Книга для родителей - Антон Макаренко 13 стр.


Оля просидела целый день на своем раскрашенном стуле и все о чем-то думала. Когда пришло время собираться на вокзал, она заплакала громко, по-настоящему, дрыгала ногами, отталкивая новые туфли, и все протягивала руки к матери. Только этот жест, сохранившийся у нее с раннего детства, обозначал что-то определенное, потому что слов нельзя было разобрать в ее плаче.
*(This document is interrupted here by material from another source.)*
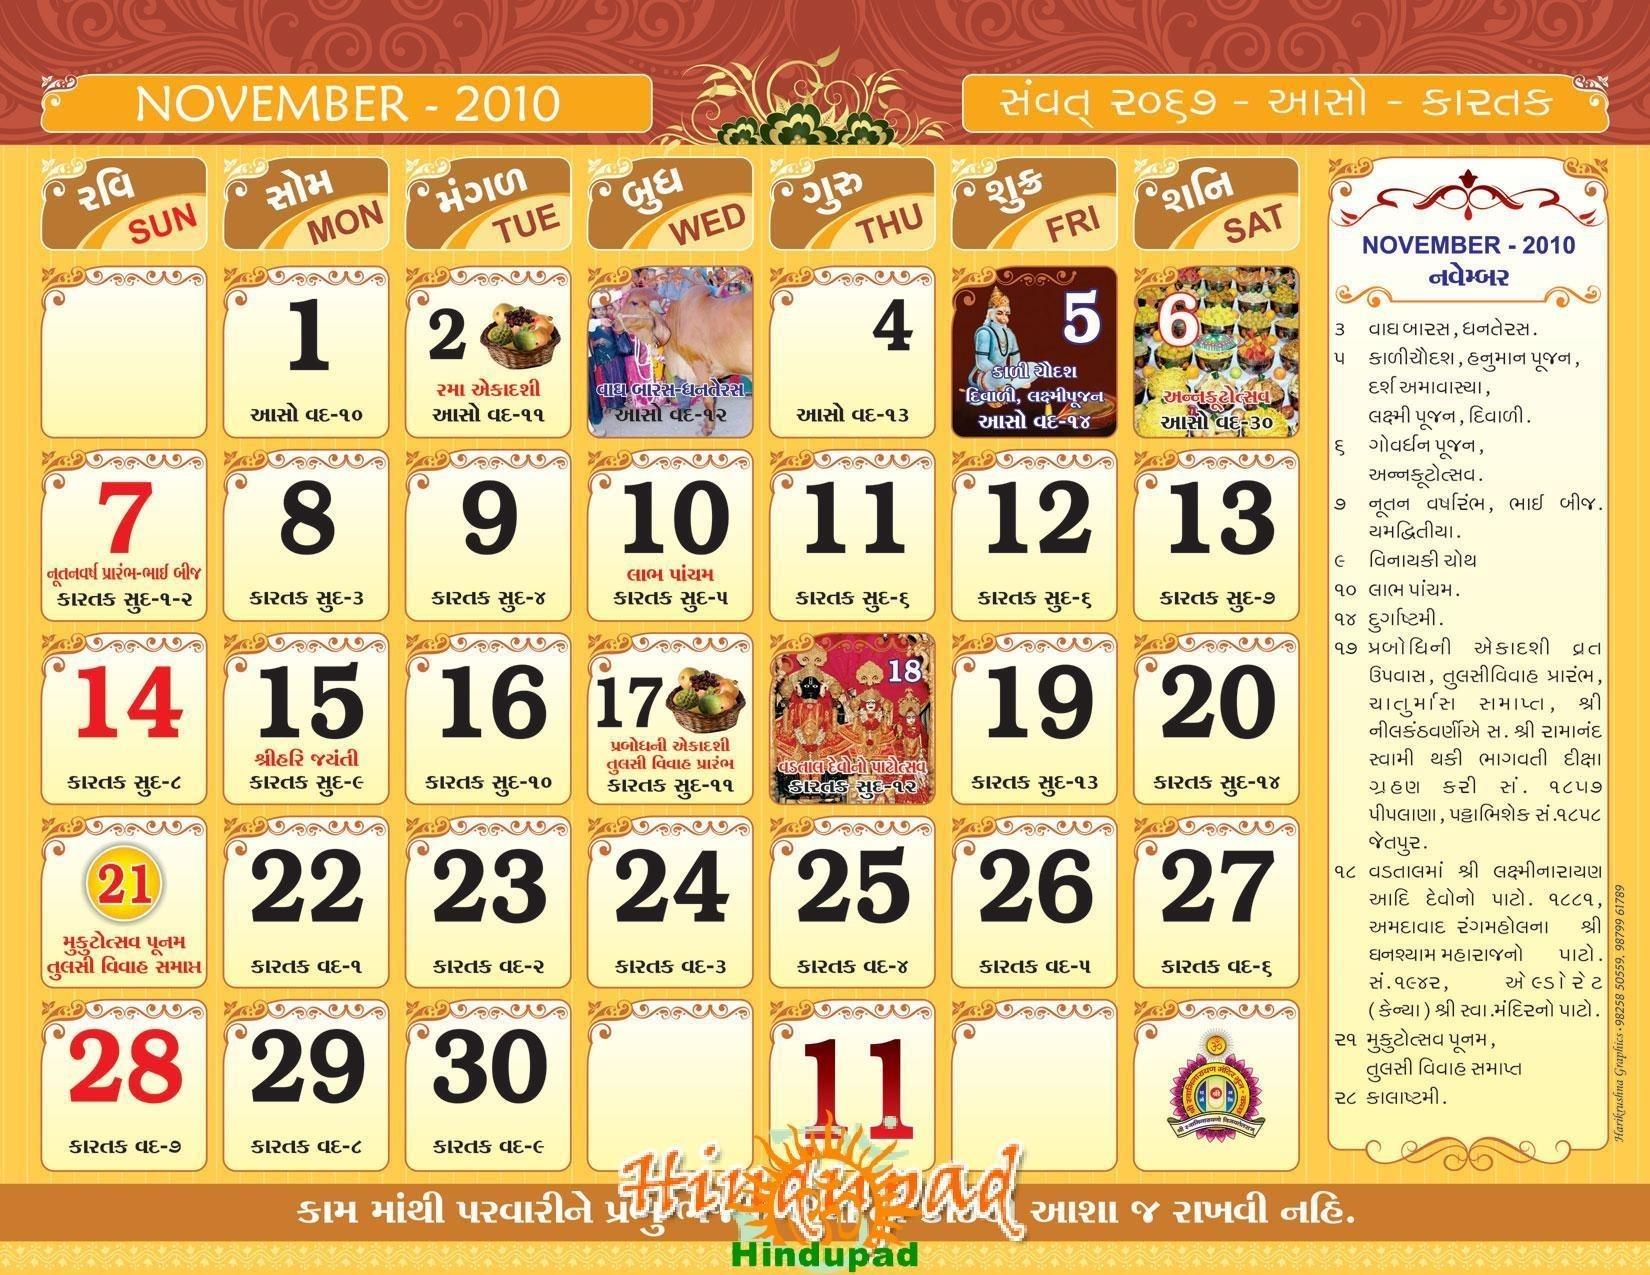 Gujarati Calendar November 2010 – Download Free Gujarati-Gujarati Calendar 2020 January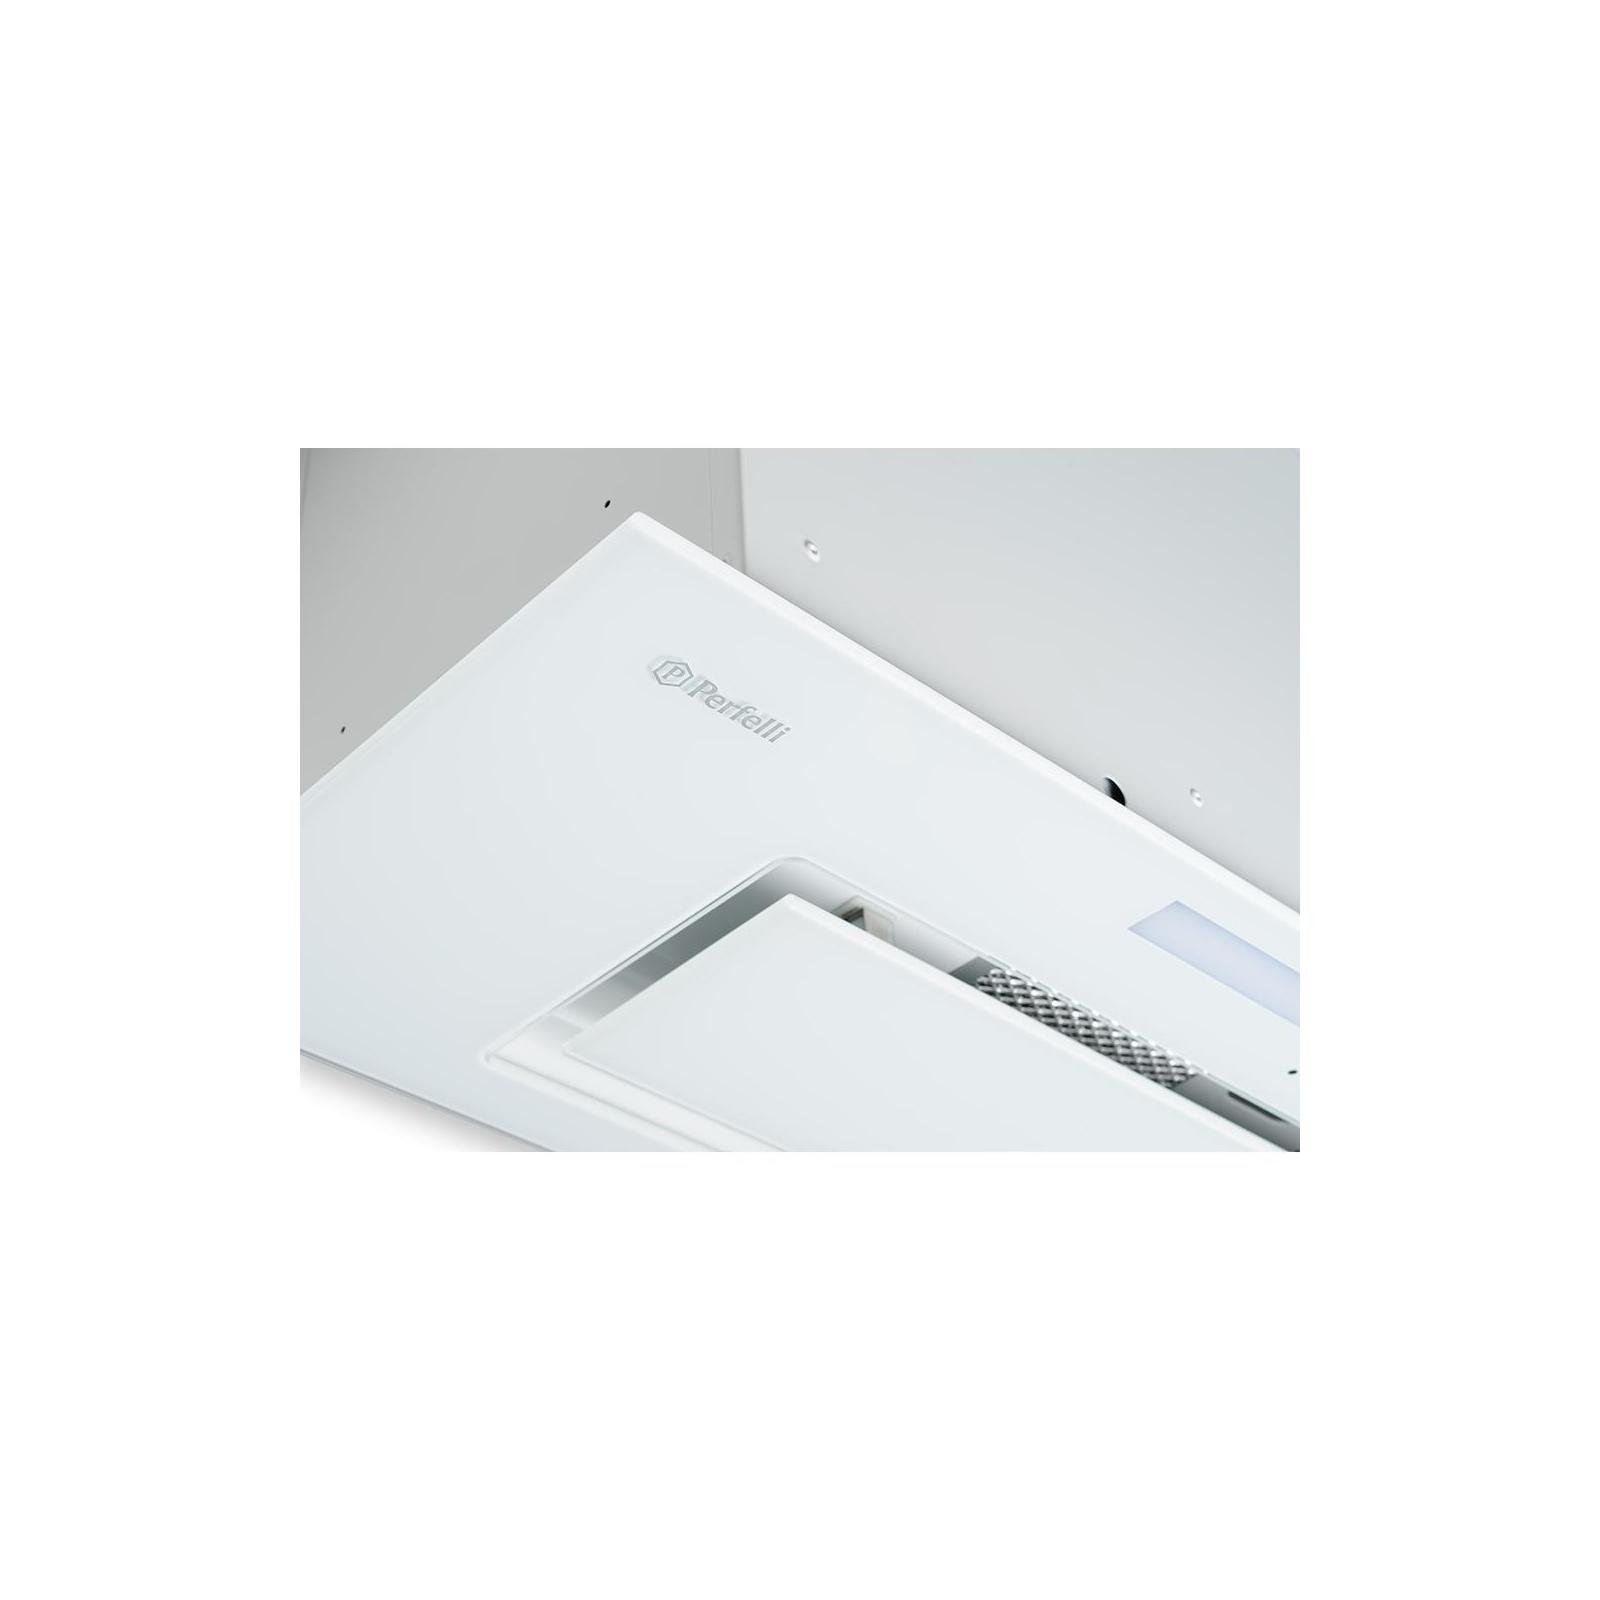 Вытяжка кухонная PERFELLI BISP 9973 A 1250 W LED Strip изображение 6

Провожатый был уже здесь и весело старался уговорить Олю:

- Такая хорошая девочка и кричит? Разве так можно?

Оля махала на него мокрой рукой и еще громче завопила:

- Да… мам - и больше ничего не разберешь.

С большим трудом, вспоминая вагонные окна, коров и поле за окнами, рассказывая о волшебных садах дедушки и о чудесной реке, по которой ходят белые пароходы и рыбаки проносятся на раздутых парусах, удалось Евгении Алексеевне успокоить детей. Потом до самого отхода поезда она вспоминала жуткий ход, сделанный ею в отчаянии:

- Едем, детки, на вокзал, едем. Вы не грустите, все будете прекрасно. А на вокзале папку увидите, папка будет вас провожать…

Услышав это, Оля радостно взвизгнула, и на мокром ее личике различалось выражение смеющегося счастья. Игорь как-то недоверчиво морщил носик, но сказал весело:

- Вот это да! Посмотрим, какой теперь папка! Может, он теперь не такой?

На улице их ожидала служебная легковая машина Жукова. за рулем сидел все тот же шофер, всегда небритый и строгий Никифор Иванович. Игорь пришел в полное восхищение:

- Мама! Смотри: Никифор Иванович!

Никифор Иванович повернулся на своем месте, небывало сиял и пожимал всем руки. Он спросил:

- Как поживаешь, Игорь?

- А вы теперь не сердитый, Никифор Иванович! А я поживаю… - Игорь вдруг покраснел и поспешил по другому вопросу: - Сколько теперь тысяч? Двадцать семь! Вот это нацокало…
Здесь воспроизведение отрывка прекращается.